Gilda se podría haber llamado Eva. Y haber sido el pecado original. Gilda es una mujer y, sabe que la carne es débil. También que la mayoría de las cosas no son para siempre. Gilda no le pertenece a nadie, ni siquiera se pertenece a ella misma. Ése es su gran drama. Se ha pasado la vida conviviendo con un extraño al que, por mucho empeño que ponga, no reconoce. Y deseando que "no nos quiten lo bailao".

Si fuese un rancho, se llamaría Tierra De Nadie. No es una femme fatale, aunque pueda parecerlo, porque aún aguarda la esperanza. Aunque ya sólo la quede la muerte. Lo de Gilda es un cóctel de redención y venganza, del que no espera salir bien. Ya ha aceptado que, la venganza es un buen motivo. Que, la redención es algo que tendrá que esperar.

Tampoco es una víctima. Gilda se ha metido en la mayoría de sus problemas ella sóla y, sabe que, debe salir de ellos sola. Sola, como siempre está. Quizás, cuando más sola está es cuando hay más gente. En realidad, el gran problema de Gilda, es su orgullo. Ése que la mete en tantos problemas y que no la ha sacado de ninguno. Ése que la convierte en afortunada en el juego. Pero, por supuesto, no en el amor.


En realidad, Gilda es uno de los personajes más complejos de la historia del cine. Pero, al mismo tiempo, no es más que un espectador de su entorno. Ése que se la descontrola. Gilda ni siquiera es un pájaro de oro. Ha vendido el oro por el doble que recibió por su alma.


Gilda, es, sobre todo real. No hay mujeres como Gilda. Ni las habrá.

miércoles, julio 29, 2009

Pretty Woman


Pretty Woman es, probablemente, la peor historia sobre sueños escrita nunca. También, una gran película. De esas que puedes ver un buen número de veces y no acabar harto porque siempre esperas que él aparezca ante Vivian y confiese que la quiere como nunca ha querido a otra y que, ella con champagne y fresas es todo lo que se puede a pedir a una persona.

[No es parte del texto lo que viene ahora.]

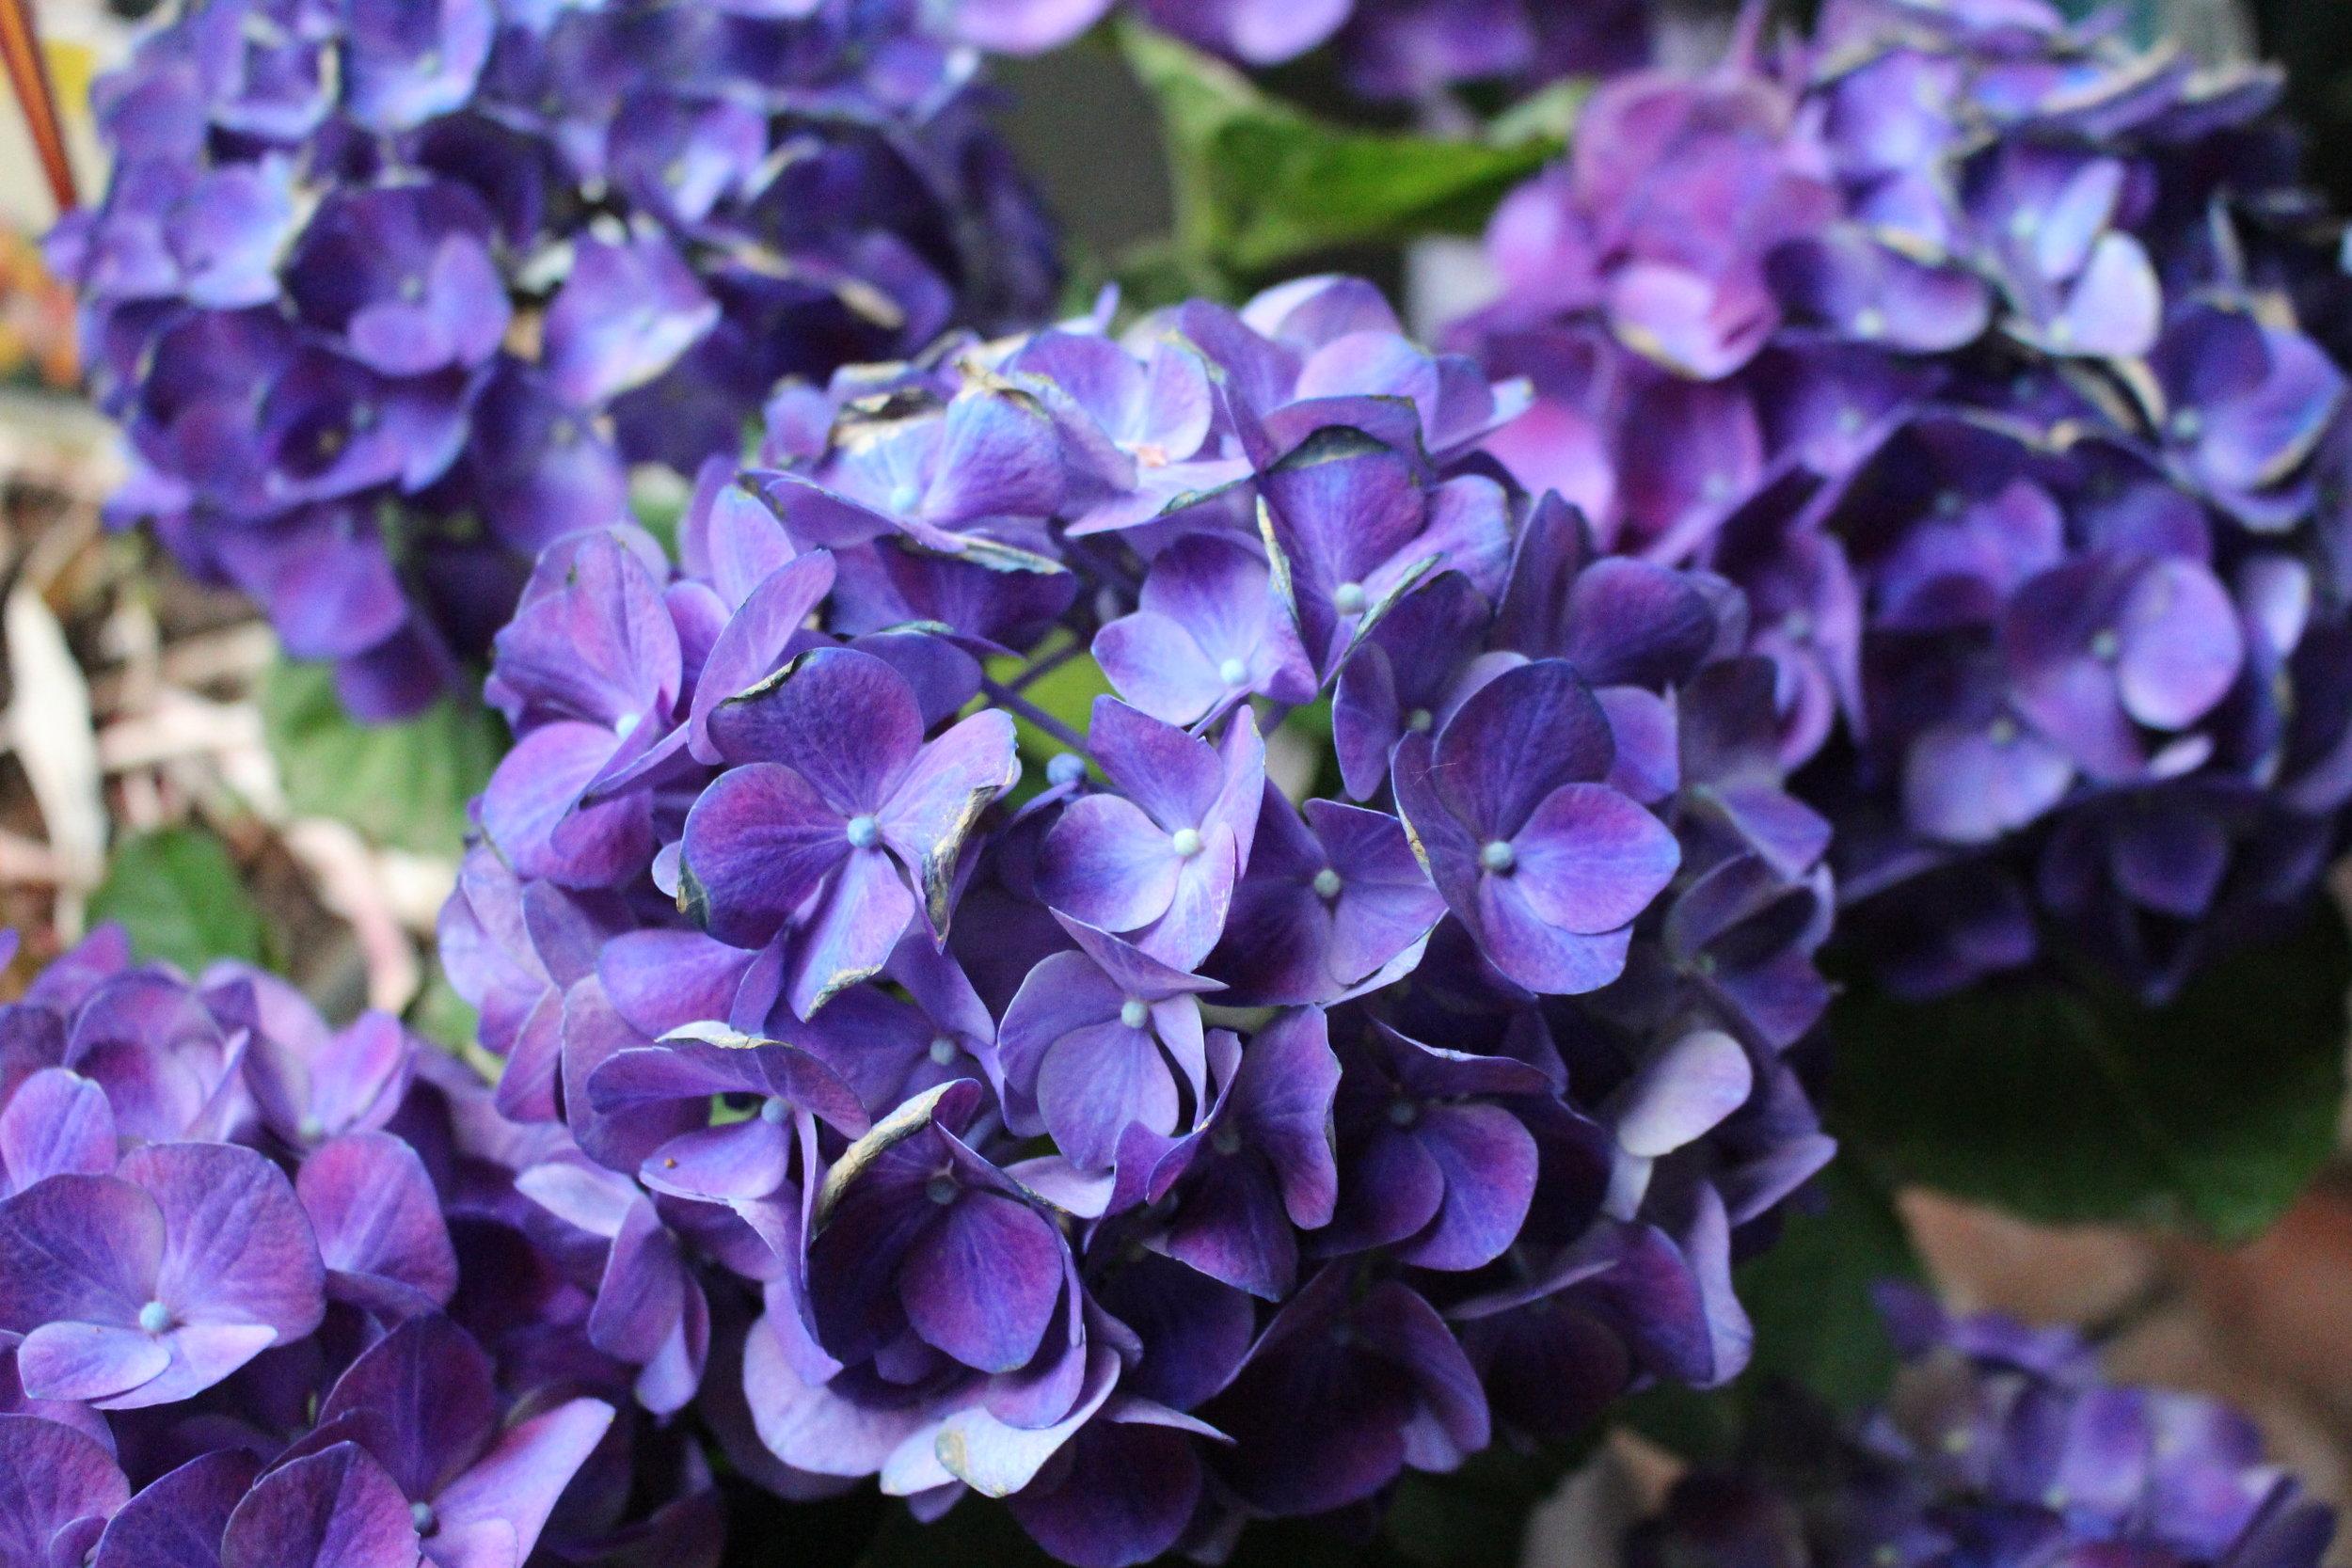 #138 Hydrangea, Hydrangea macrophylla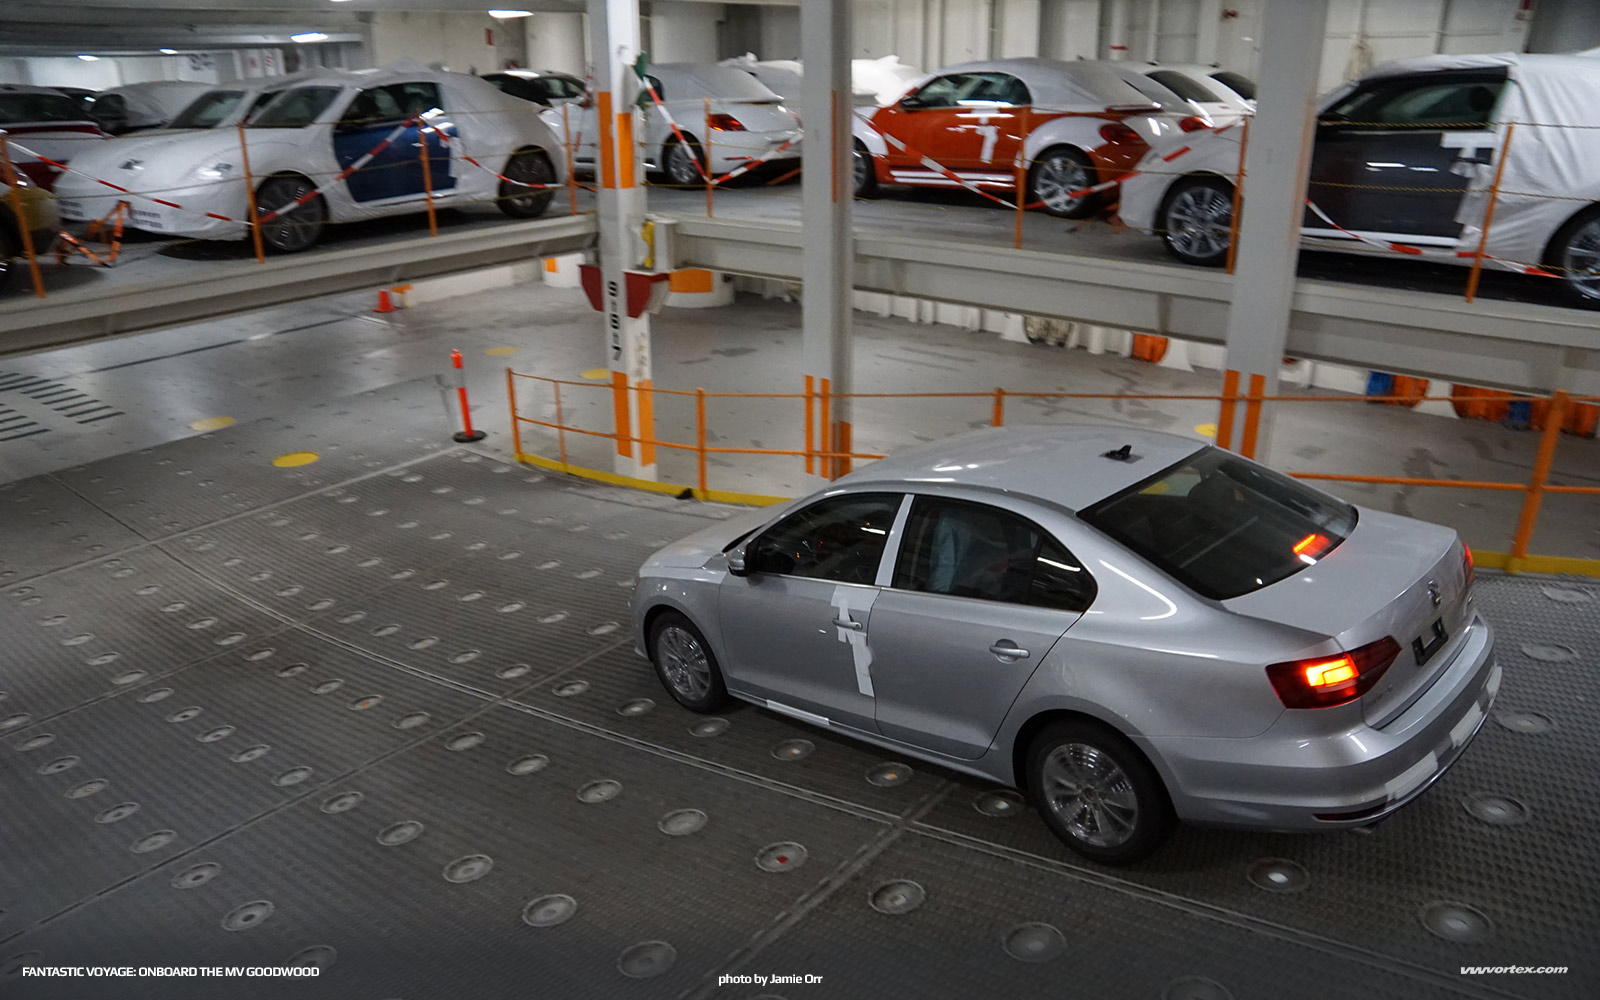 Audi R Searches Increase Per Cent On KBBcom Following Super - Audi r8 commercial

Han llamado a la película la versión moderna de Cenicienta. Sólo que, ella ha pasado de princesa a pareja y, de maltratada cenicienta a puta de "the dream hill". Es el precio de la modernidad y de los remakes made in Hollywood. Aún así, la historia de Vivian y Edward marcó una suerte de antes y después en la historia de las comedias románticas.


Ya todo no tenía que ser tan perfecto. Ella no tenía porqué ser Doris Day y, él, podía ser un cretino, algunas veces. Además Pretty Woman marca la filosofía de la época, los 80s fueron la década de los yuppies que se hicieron ricos y de las mujeres jarrón más anchas en los hombros que en la base por obra y gracia de las hombreras. Además, en los 80s la marca clave era Cerruti y no Gucci.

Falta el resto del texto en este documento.